Ohio Church Wants Rapper's Sign Gone


Members of an Ohio church want a rapper to take down his billboard advertisement that is near the church.  In response, rapper Marcellus Hale went to the Calvary Missionary Baptist Church on March 18 to appeal to its members for their support.

Hale hoped to dispel concerns about the billboard among church members, reports ABC 22.

“I’m hoping to promote good music coming from Dayton. I am trying to show anything is possible,” said Hale.

“I put all the money into the billboard by myself from T-shirt sales to CD’s. Now I am just trying to make good promotions so everybody can see it and acknowledge it.”

The billboard features rapper Marcellus Hale’s face while he holds wads of cash up to his ear.  The phrase “Who is Cellus Hale?” appears next to the rapper, and “Coming Soon” appears beneath the image.

Members of the Baptist church reportedly feel that it sends the “wrong message” and have expressed their disapproval of the sign.

Hale was shocked at the churchgoers’ reaction to the sign.

“I was actually surprised about it because I am not trying to promote violence, promote drugs and weapons to the city. I am actually trying to show people [there are] other ways to make it out instead of that,” said Hale.

Some church members reportedly became sympathetic to Hale’s billboard after his visit.

“It’s a young man starting out trying to make a living for himself. He is not promoting violence. I don’t see nothing violent there,” said Dorris Hemphill, a member of Calvary Missionary Baptist Church.

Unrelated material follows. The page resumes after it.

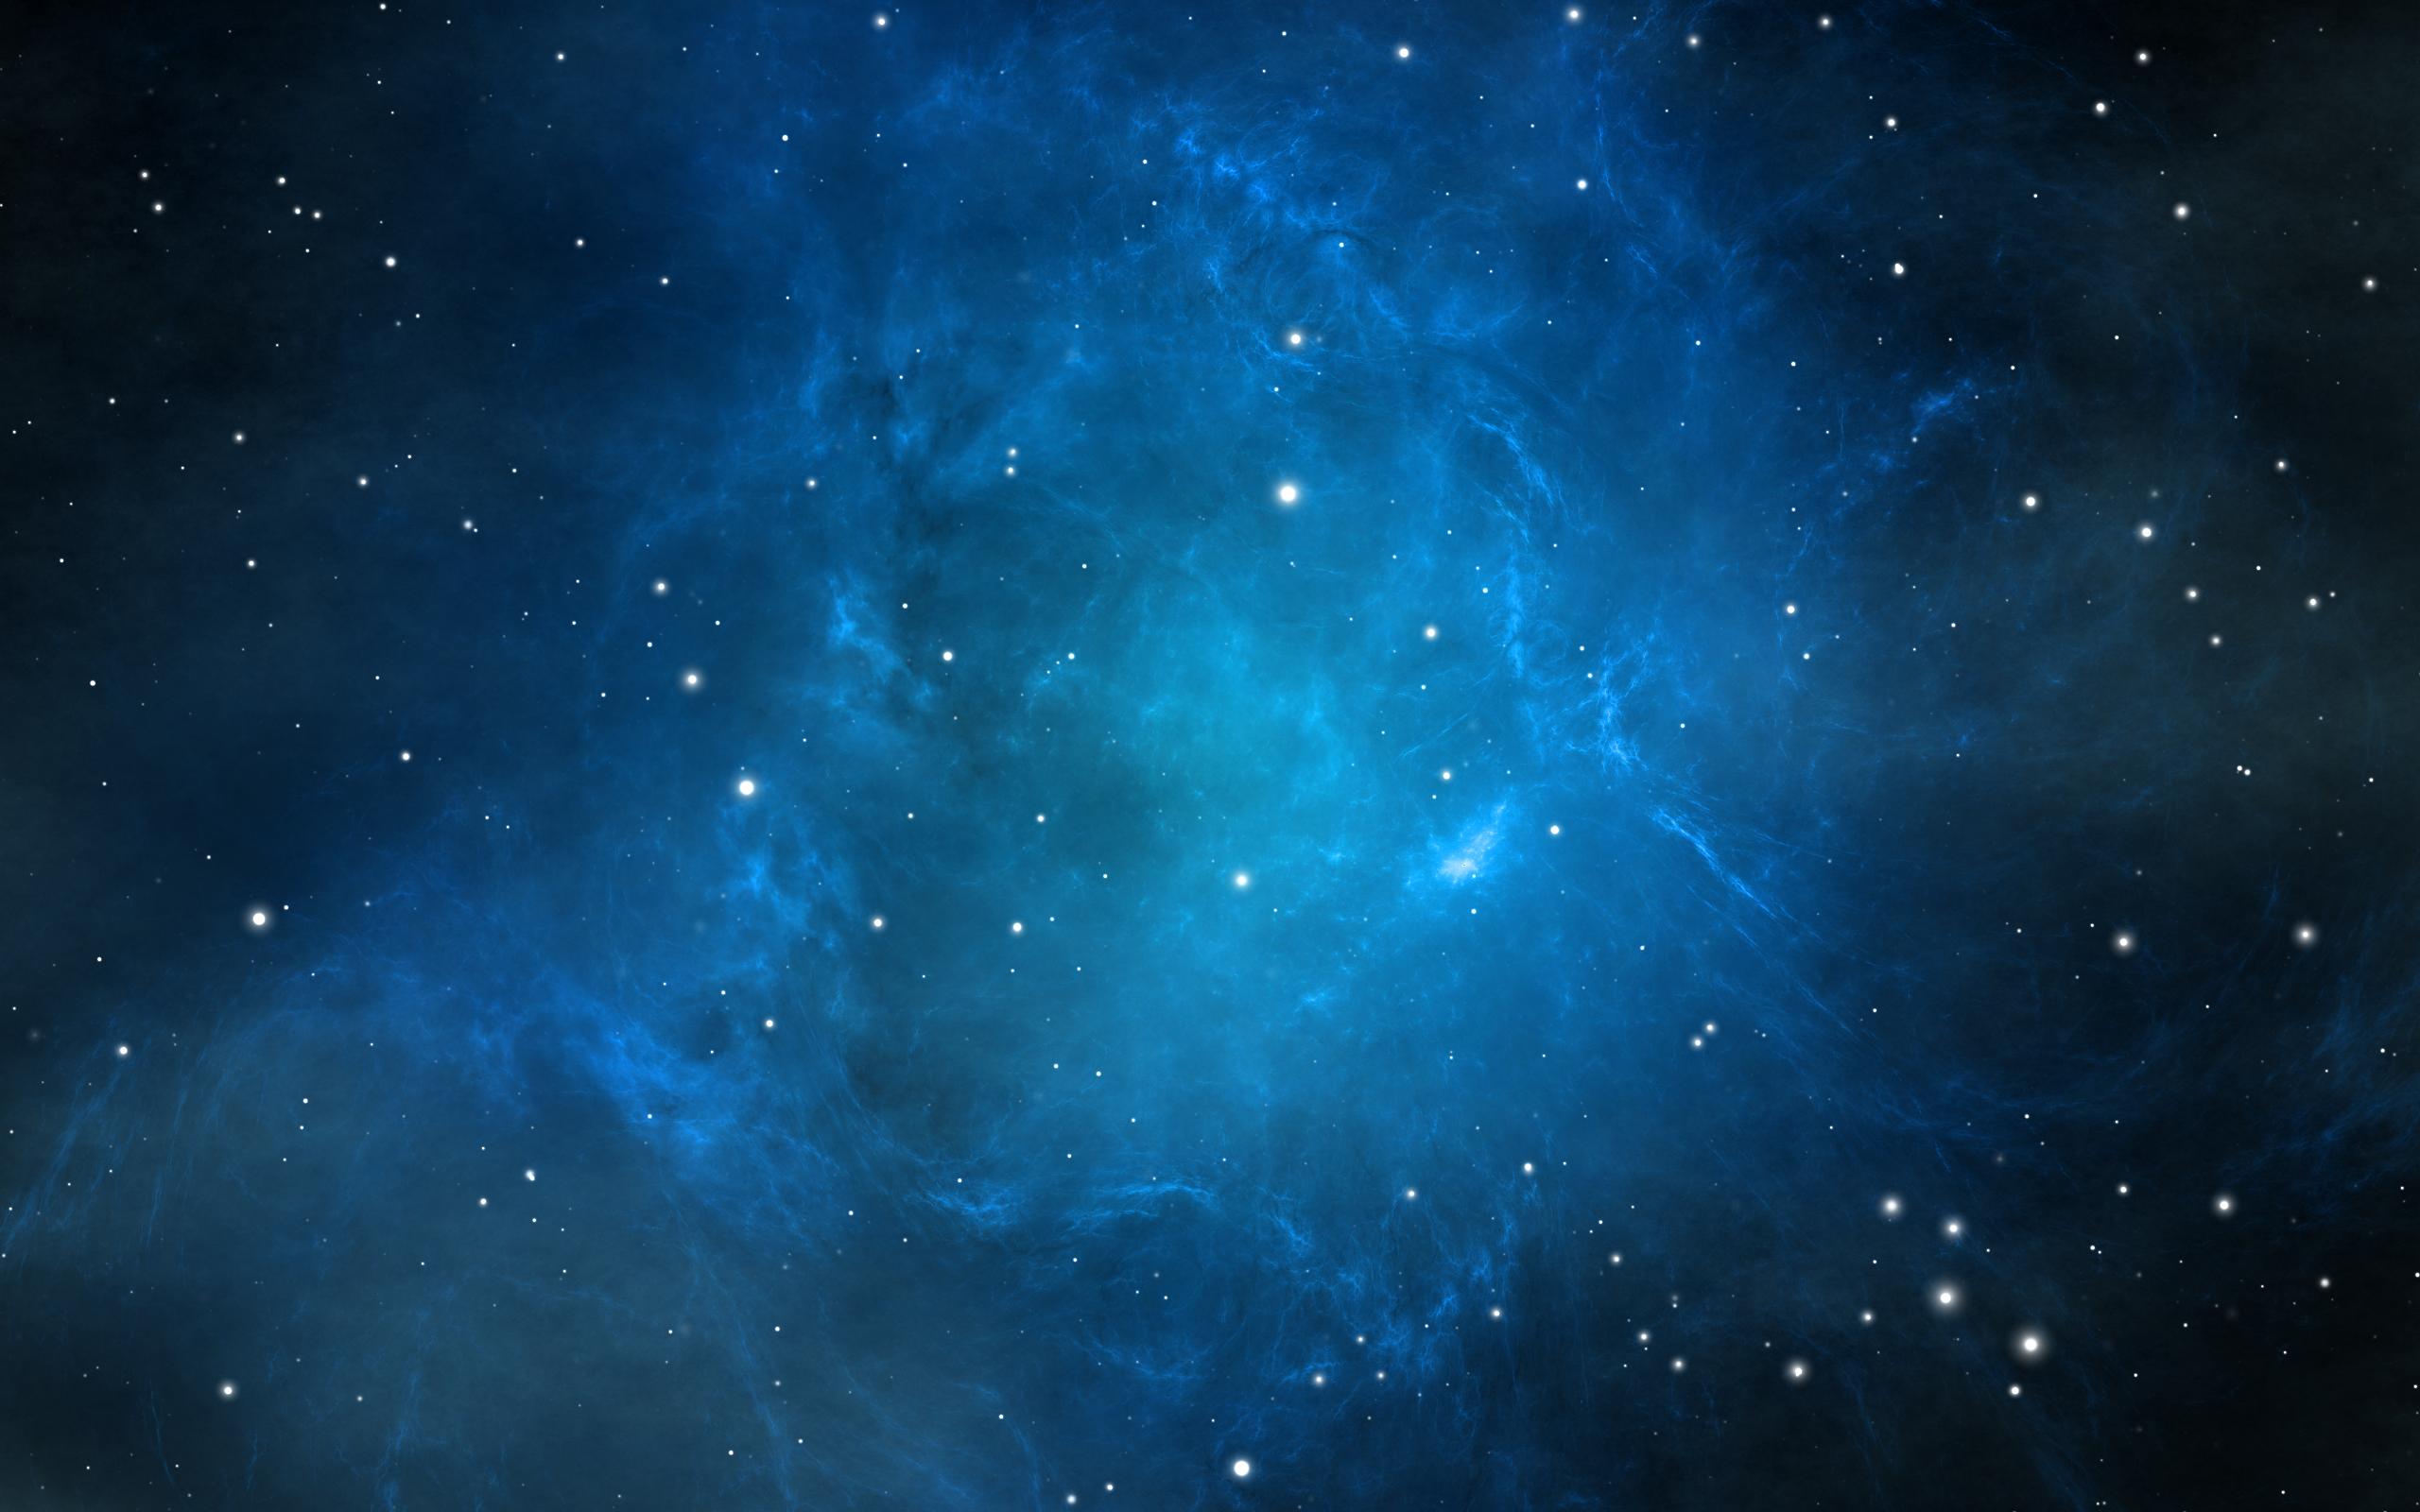 Blue Nebula Wallpaper - WallpaperSafari

Even if the churchgoers wanted to remove Hale’s billboard, they might have a hard time legally doing so.  Advertisements enjoy some free speech protection under the 1st Amendment of the U.S. Constitution, according to University of North Carolina law professor David Owens.

“Town[s] can certainly regulate signs. But there are limits on the authority of the town to regulate the content of a sign,” wrote Owens on his blog.

Hale said that he wants to be a role model for Dayton’s young people, emphasizing that he does not want trouble with the local church.